▸ **TASK ITEM**
Pictures must not appear; the answer is exactly the lines from the one that holds "La importancia del" through the end of the material.

▸ **SUPPLIED DATA**
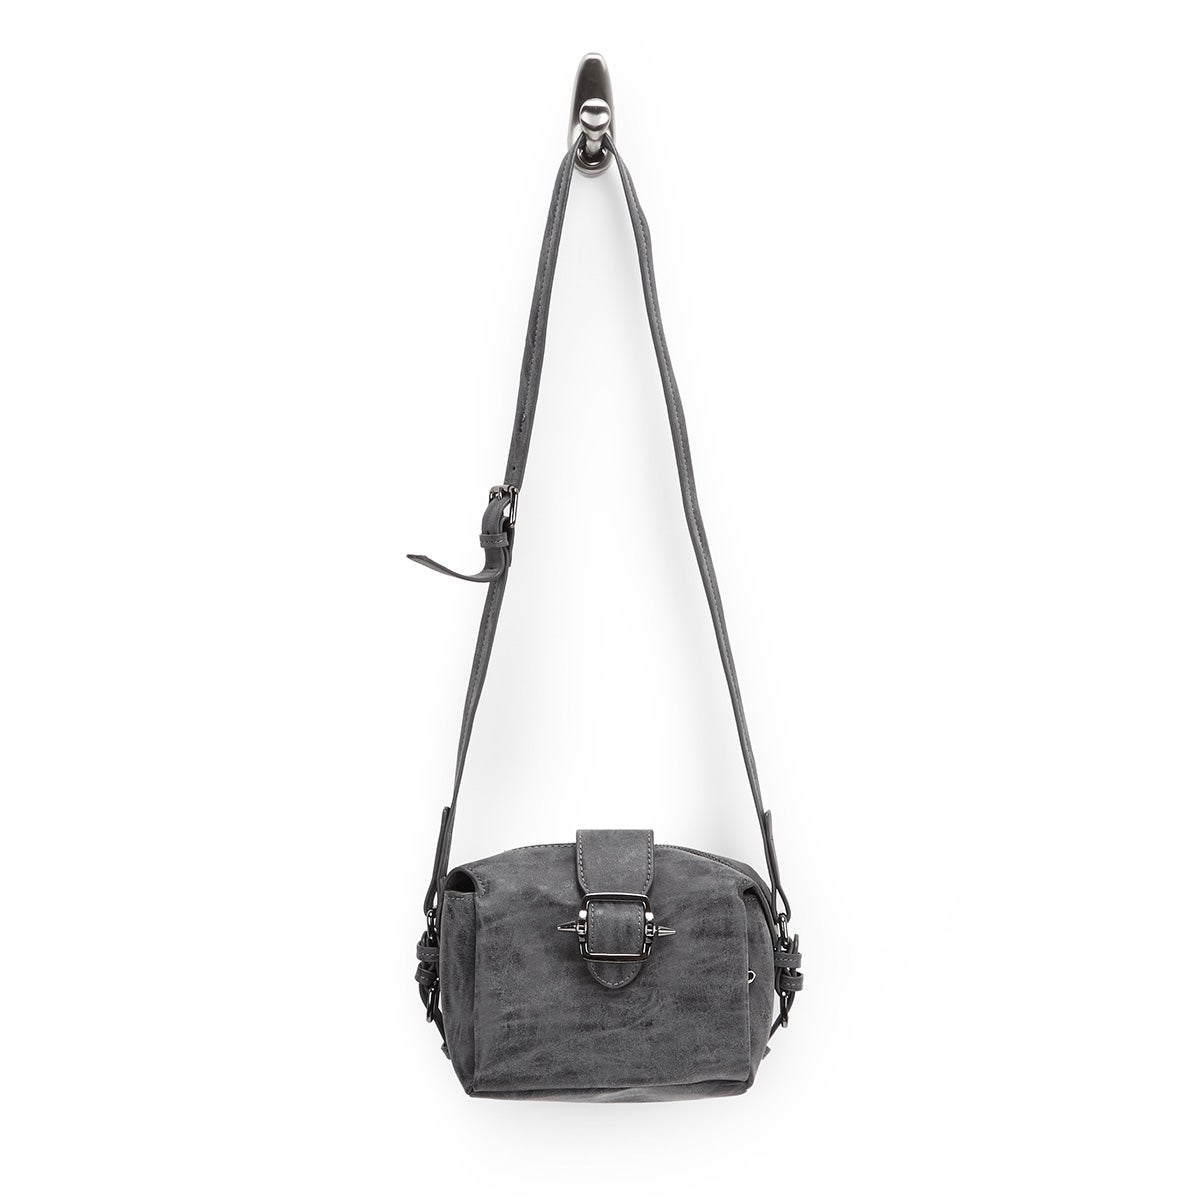 Lds dk grey buckle cross body bag
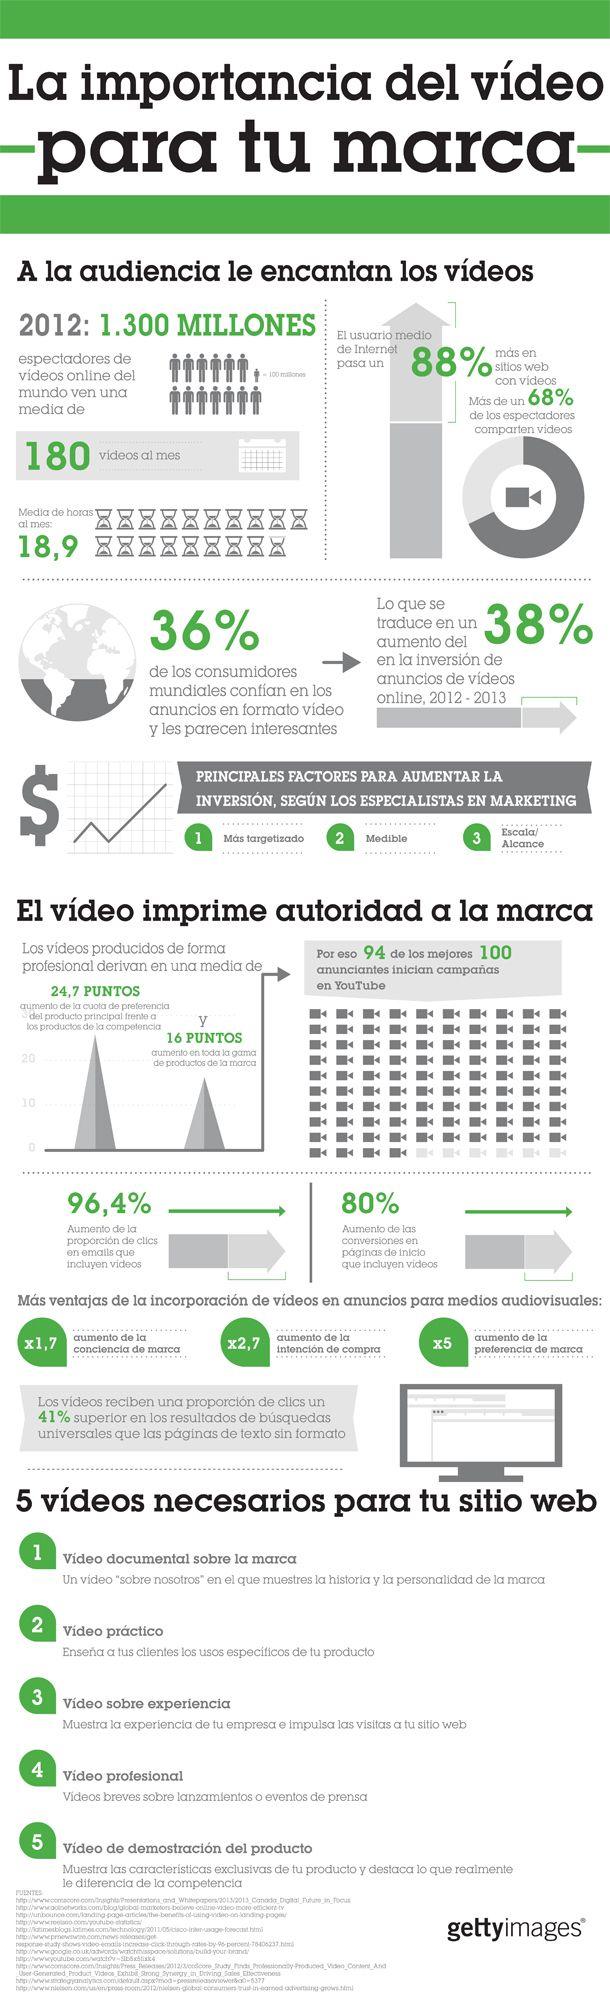 La importancia del vídeo para tu marca #infografia #infographic #marketing
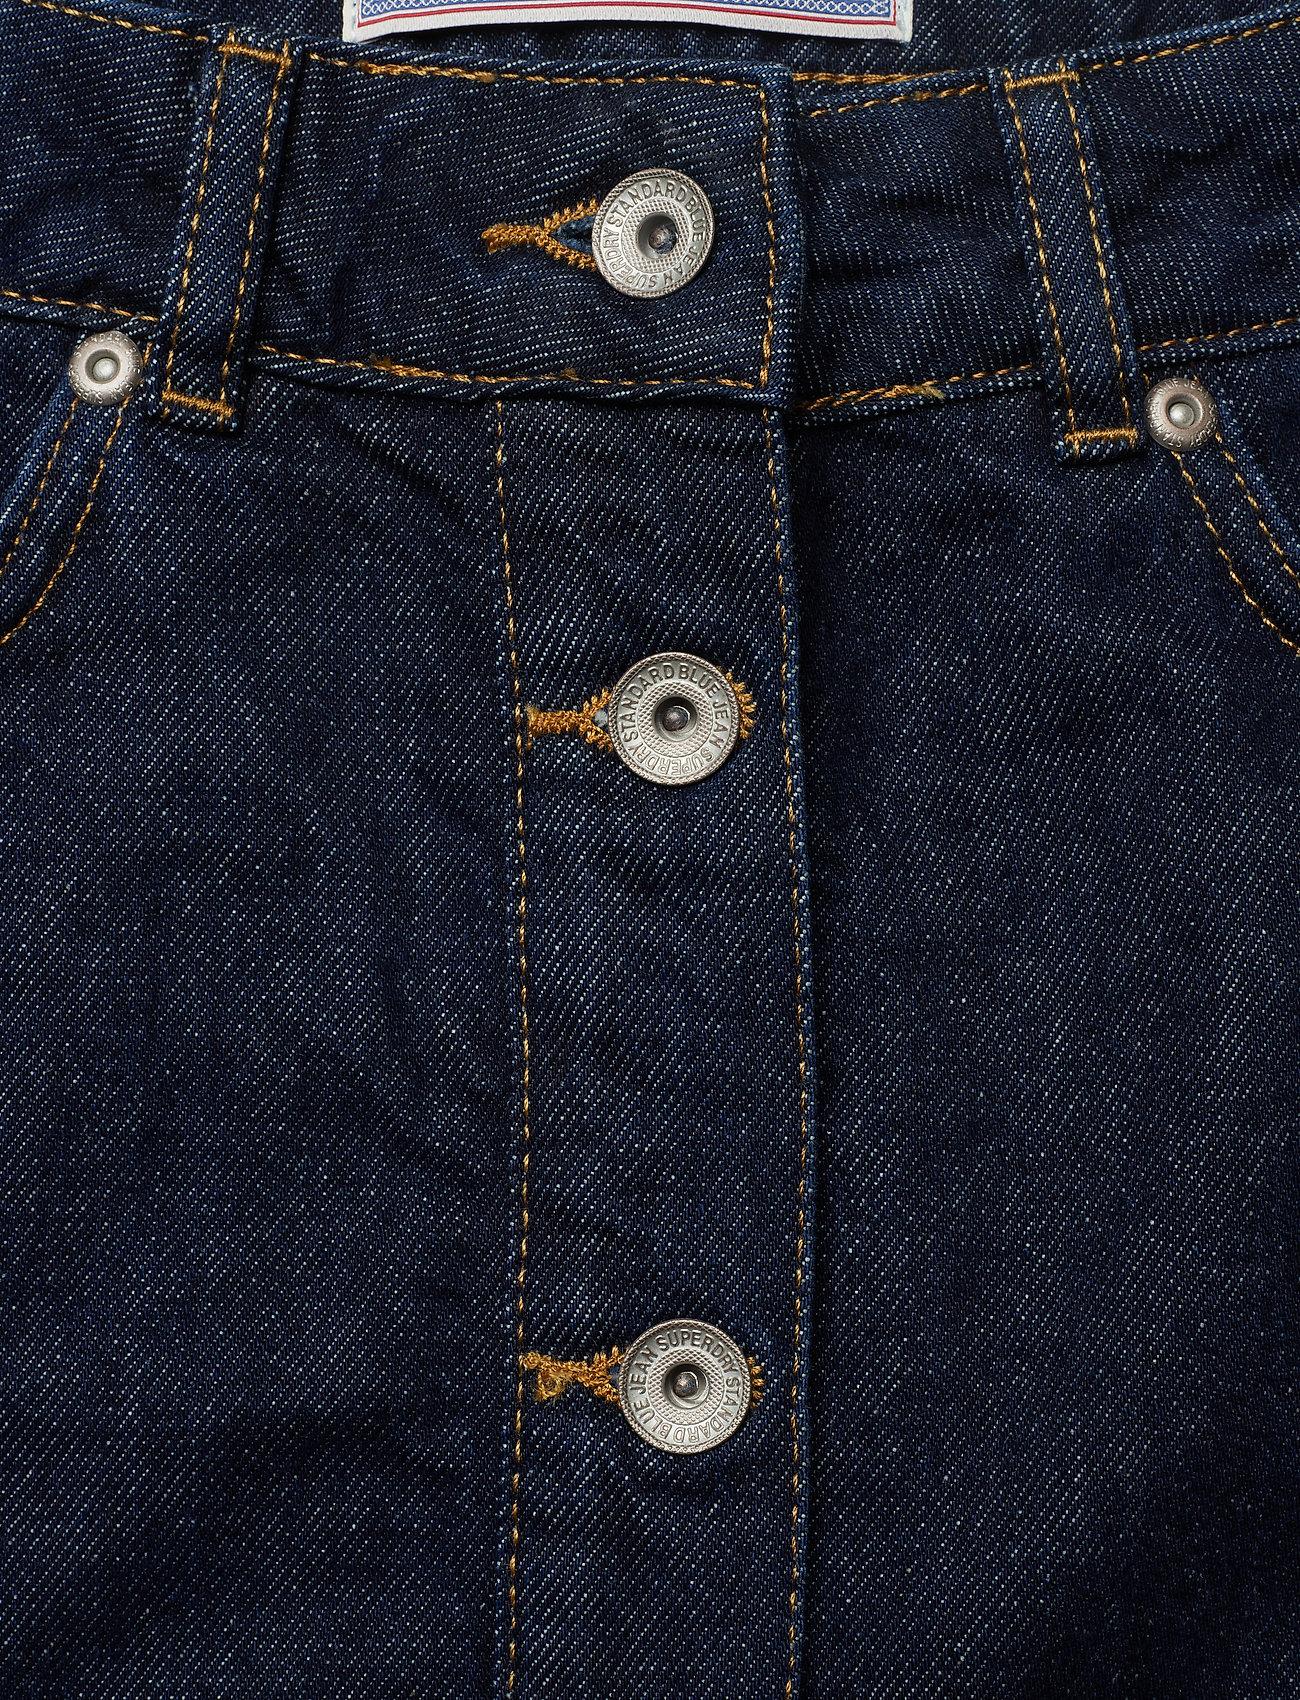 Skirt70's Denim BlueSuperdry line A A BlueSuperdry Denim line Skirt70's A Denim line QrdxthsC

▸ **ANSWER FOR THE TASK**
 La importancia del vídeo para tu marca #infografia #infographic #marketing
 Skirt70's Denim BlueSuperdry line A A BlueSuperdry Denim line Skirt70's A Denim line QrdxthsC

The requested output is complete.